The data below should be copied out exactly, with its pictures omitted.

-------- STORED DATA

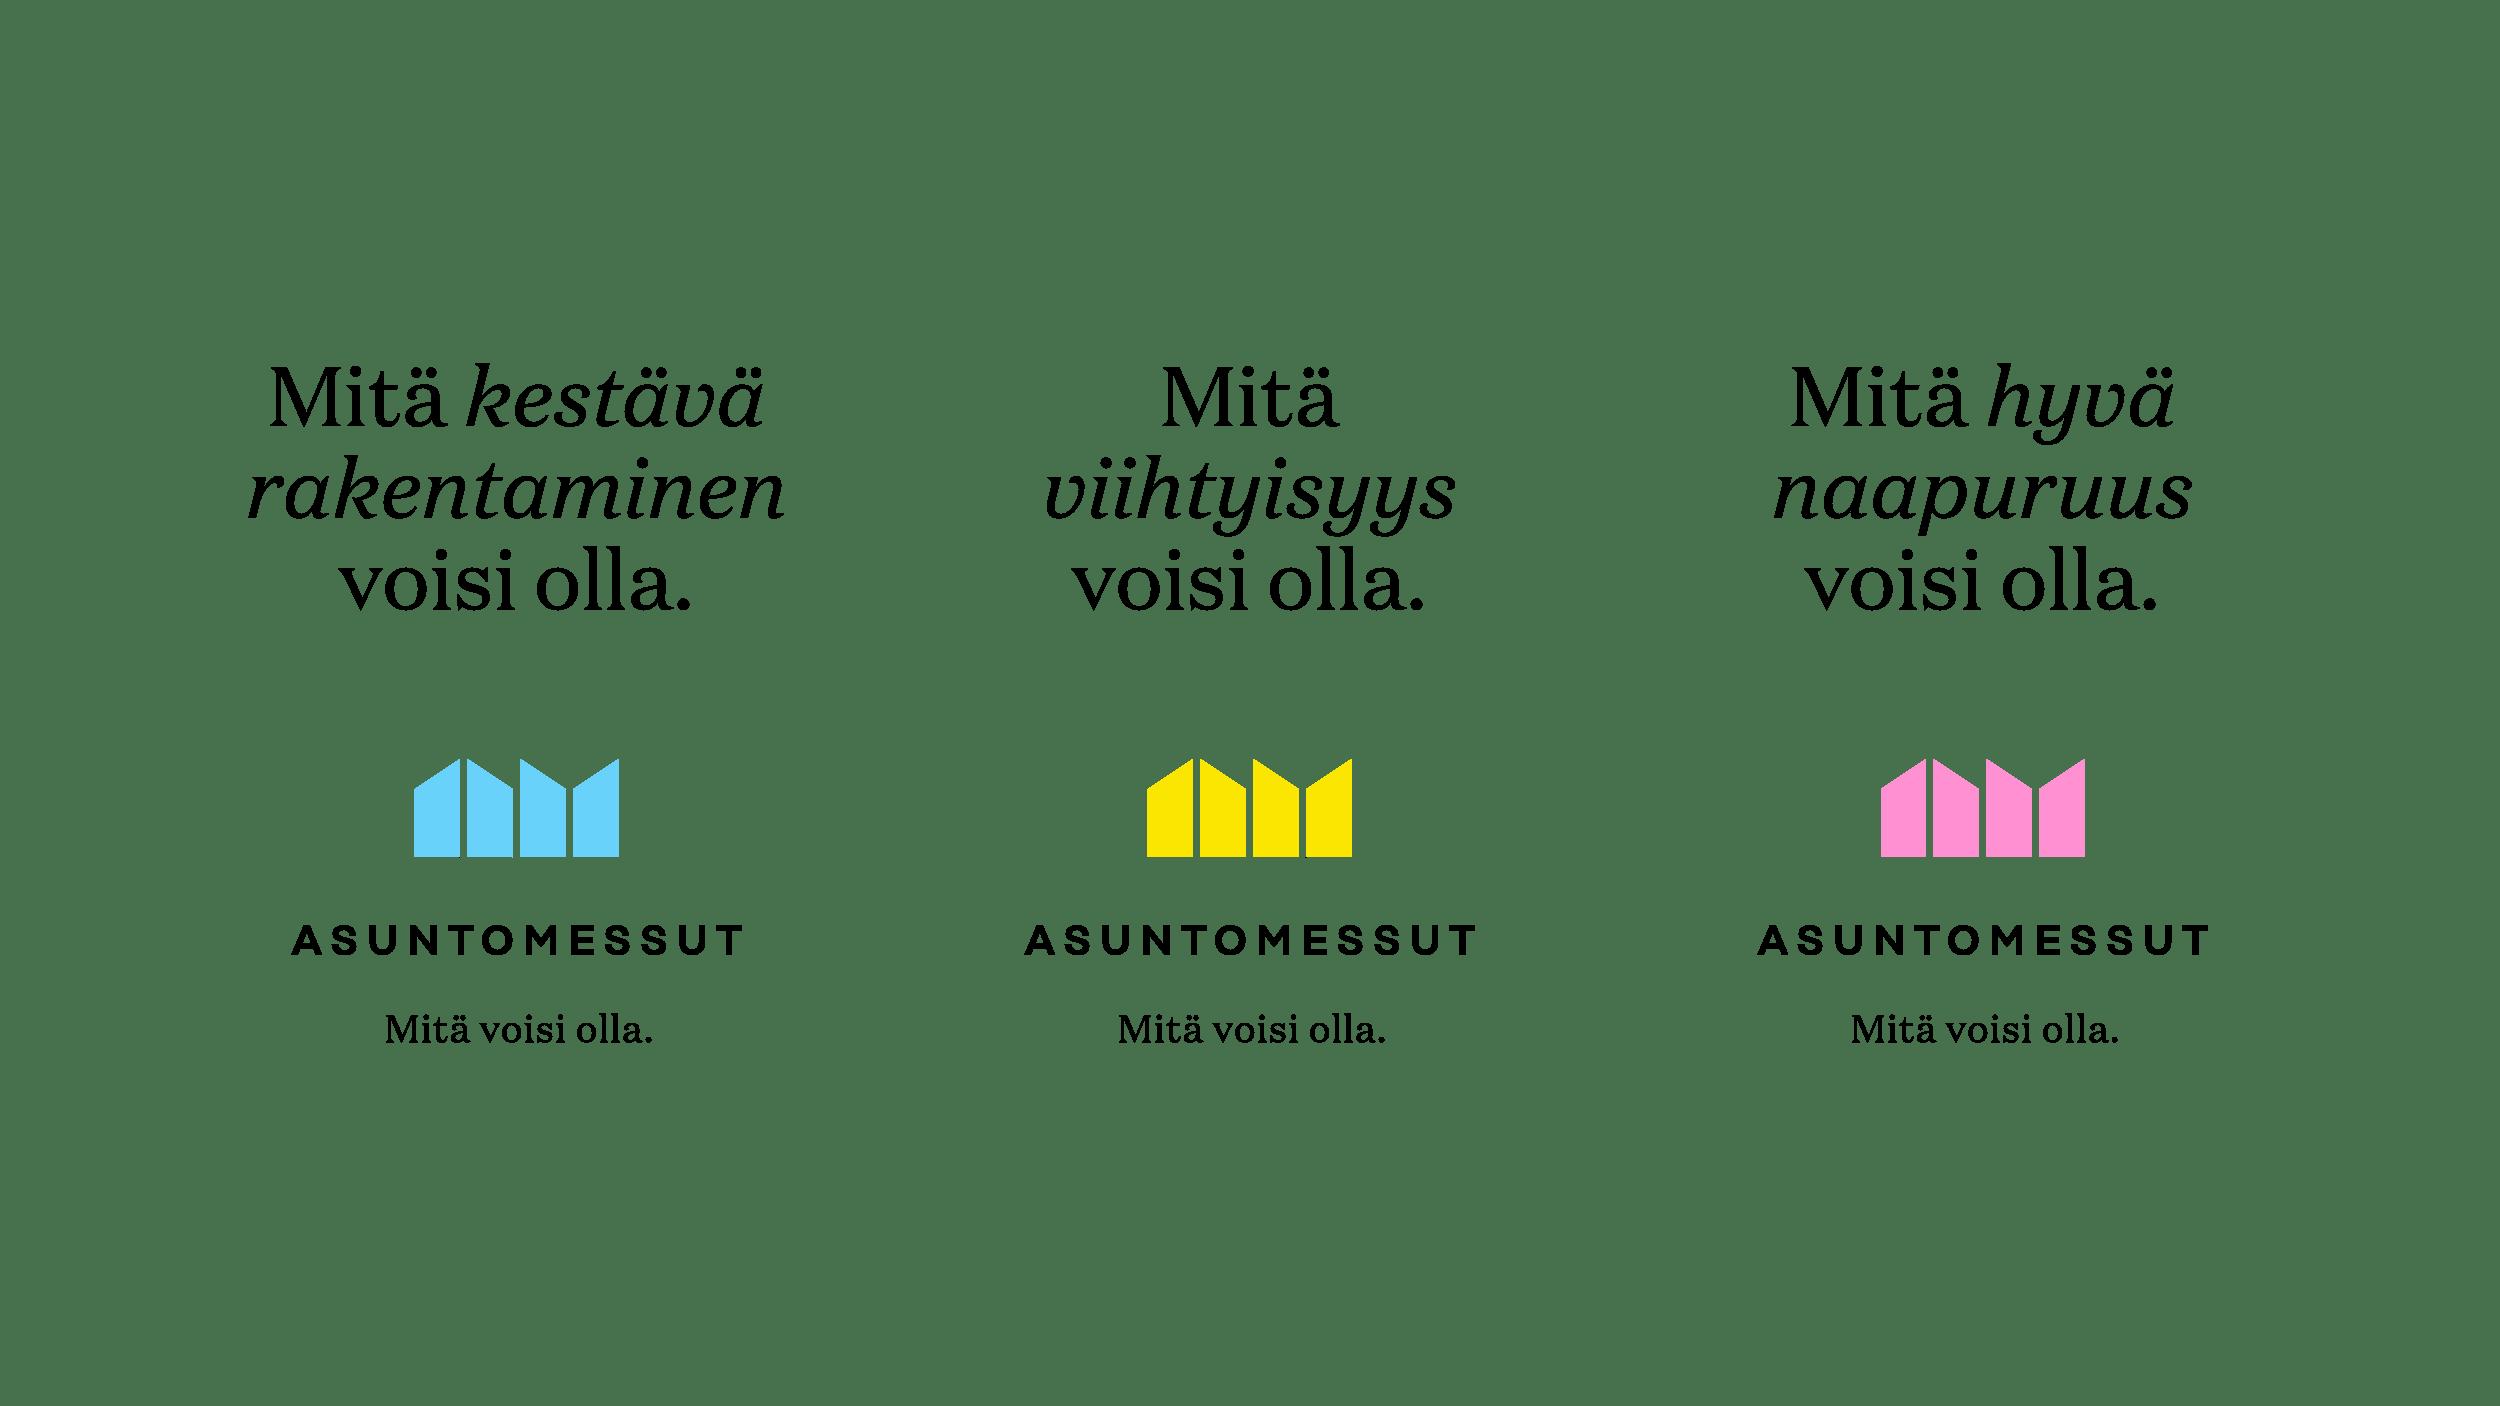 Asuntomessujen tunnus ja sloganin variaatioita
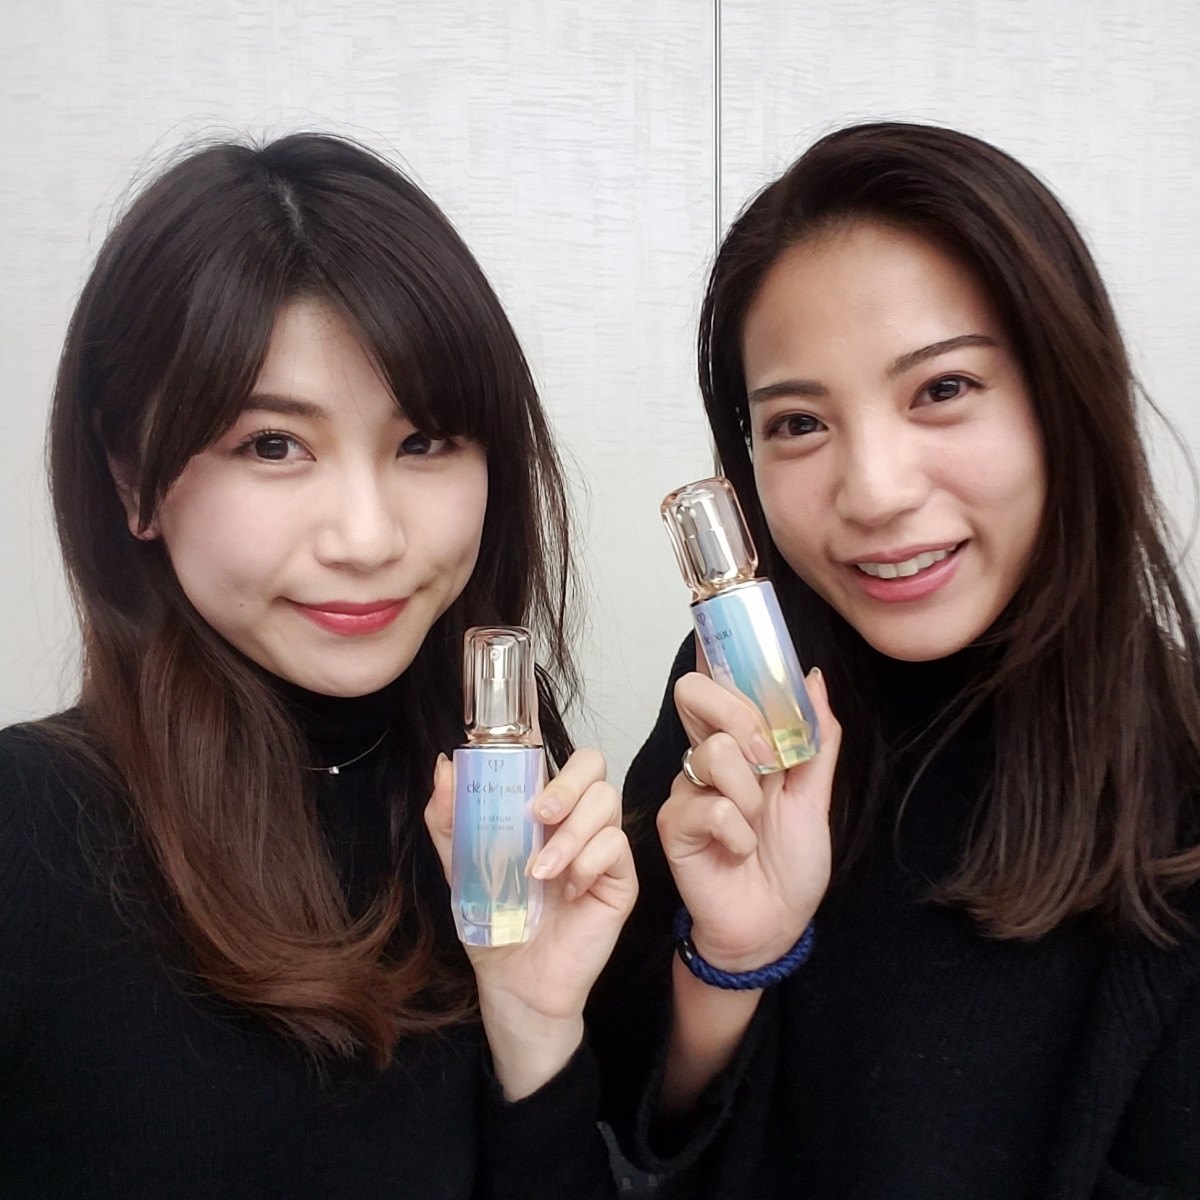 ♡ベススキンケア大賞受賞♡ cle de peau BEAUTE(クレ・ド・ポーボーテ)
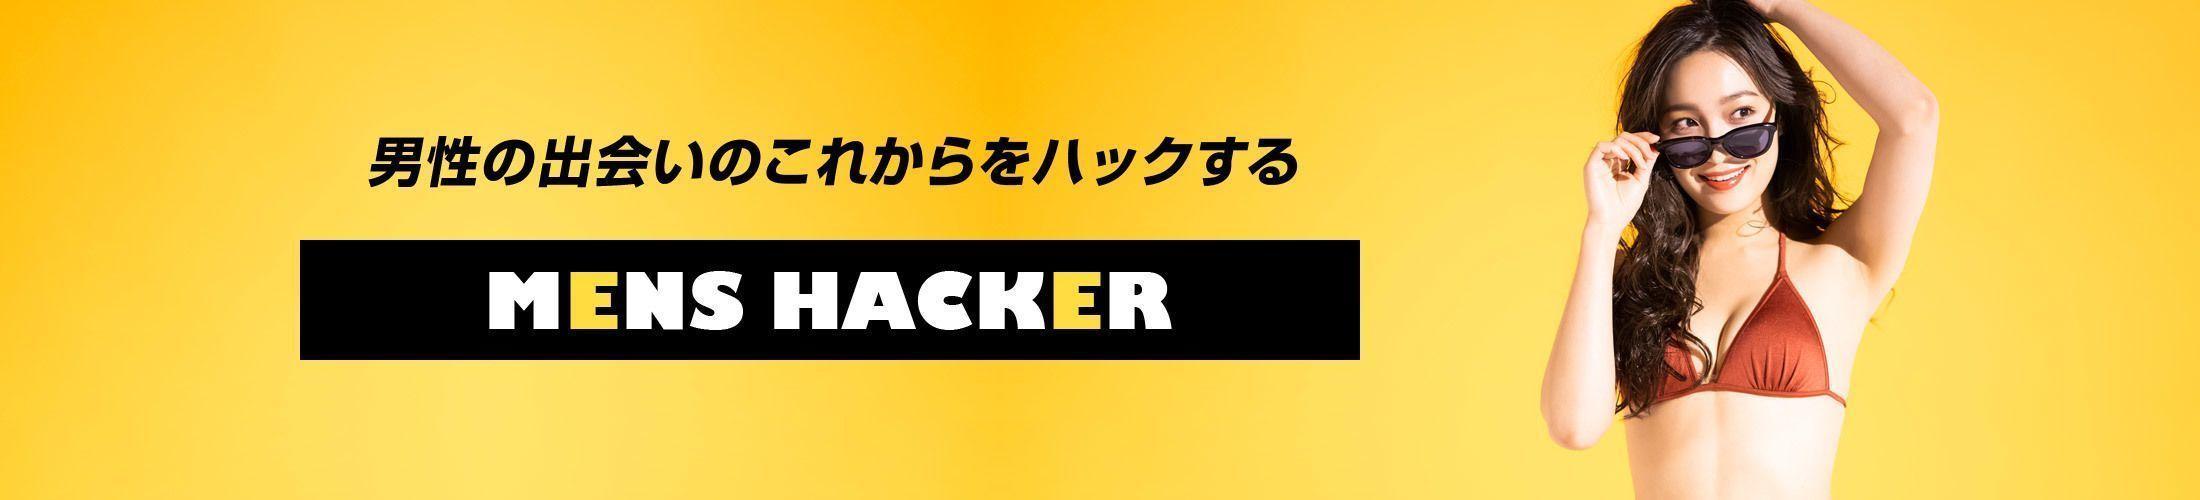 マッチングアプリ MENS HACKER

----------------

◆ SOLUTION BELOW
 Asuntomessujen tunnus ja sloganin variaatioita
 ♡ベススキンケア大賞受賞♡ cle de peau BEAUTE(クレ・ド・ポーボーテ)
 マッチングアプリ MENS HACKER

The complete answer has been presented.